Parents are only strict because they believe they are doing it to protect their children because they love them so much. This does not make them right, but keep it in mind when it is upsetting you or you are in disagreements.
Yet also remember you are not your parent, nor do you need to share their beliefs and views (even if they want you to). They may not know what you know – otherwise, they would be OK with you not eating food from animals.
They also are likely to have been listening to false-truths for so long! I encourage you to calmly and gently leave some reading material for them, some documentaries or send them to Cowspiracy website to the fact page! Say to them you are happy to discuss things but first, they have to spend some time learning what you have.
Then I would also make it very clear to your parents how important this is to you. Stand in your truth. You do not need to yell, or slam the door, but you do need to be firm.
If it is health issues they are concerned about, send them to my website, or to Rich Roll, or Plant Proof. There are many great resources. Even find a Doctor in your city that supports plant-based eating – because if your family doctor is planting fear in their ears, it is hard for them!
If it is cooking an extra different meal for you that is the problem, I suggest getting proactive in the kitchen! Help out, cook your own meals – it can be fun and you might inspire you parent in the process.
Oh, and lastly. Find a supportive community you can join and feel accepted in. Feeling alone is horrible and the truth is, it is super important to feel accepted somewhere in your life. Part of growing is learning to seek those out who have your back, where you can flourish and be heard and encouraged. If this is not in your family circle, FIND IT. I am not saying leave your family, but find some group you can spend time with or even write to and share stories and IDEAS. This is important. The world needs more people being compassionate and making CHANGE. You must know, you are NOT ALONE!
- Has there ever been a time when you felt rejected by someone due to being vegan? If yes, why do you think they reacted that way?
I have always felt deep in my heart that being vegan is right for me. Holding this truth in my core meant that no one has been able to wobble me with my resolution to live a peaceful life. There have been many many time others have attempted to, but in those moments I have to remember that that is their opinion, their belief system, NOT mine.
For me, someone trying to hit me at being vegan is like trying to hit out at me for being a woman. Not going to happen.
- How can vegans inspire older generations to adopt a compassionate lifestyle?

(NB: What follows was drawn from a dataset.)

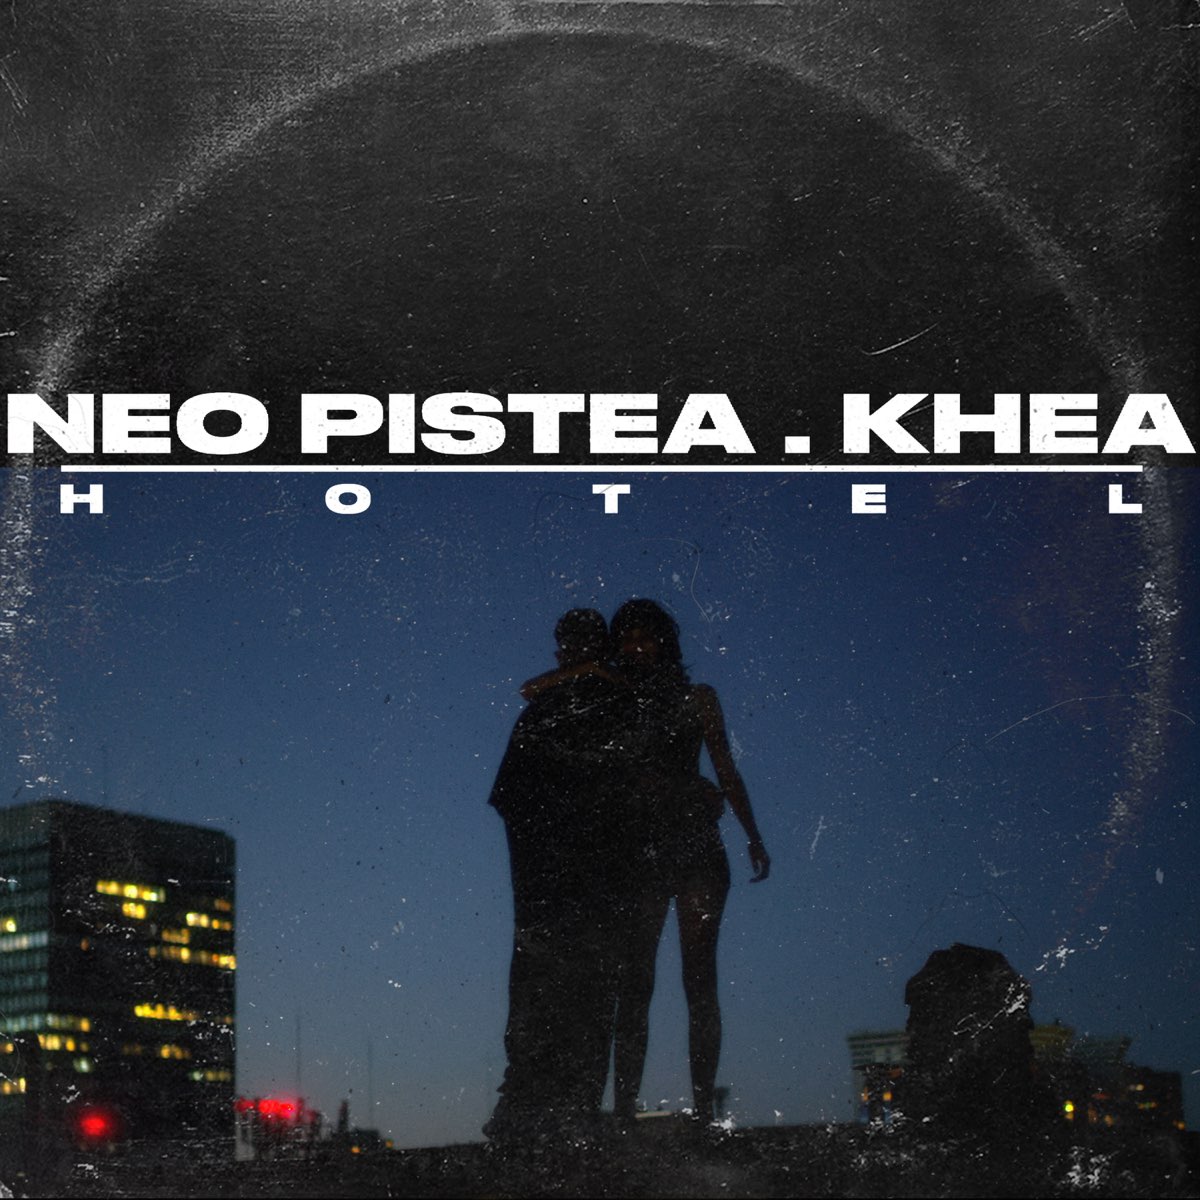 Hotel (feat. KHEA) - Single by Neo Pistea on Apple Music

The biggest inspiration for any generation is to be an example. This is why I am passionate about encouraging those who go vegan, to do so in a healthy manner! Otherwise, if you get sick or tired, and blame it on the diet, no one is going to want to join you!! Also pointing them in the direction of well-researched articles, such as those done by the UN, or documentaries that have Doctors and scientist supporting veganism. The older generation was often raised to have the belief that what they say is the absolute truth!
- Who is your favorite animal rights activist and what makes them stand out in your opinion?
My favourite animal rights activist… mmm… I am inspired by all who make the choice to be compassionate but there are many many incredible people with resonating voices making an impact. Some that personally resonate with me include journalist Will Potter, politician Mark Pearson, yoga teacher, Seane Corne and of course, perhaps more publicly speaking about the environment but still touching on animal welfare, is Jane Goodall. All these people I feel are deeply committed to the work, with no personal agenda. They are not the people who have shiny social media, but who are doing the work. This is by no means a final list!
- What is your favourite vegan brand and why do you love to support them?
My favourite vegan brand, I couldn’t say just one. I don’t buy too many things as I try to be conscious of the impact of consumerism! But I do have a new bag by Angela Roi which I love. It is good quality and mid-price range.
p.s. – All rights to photographs belong to Gemma Davis.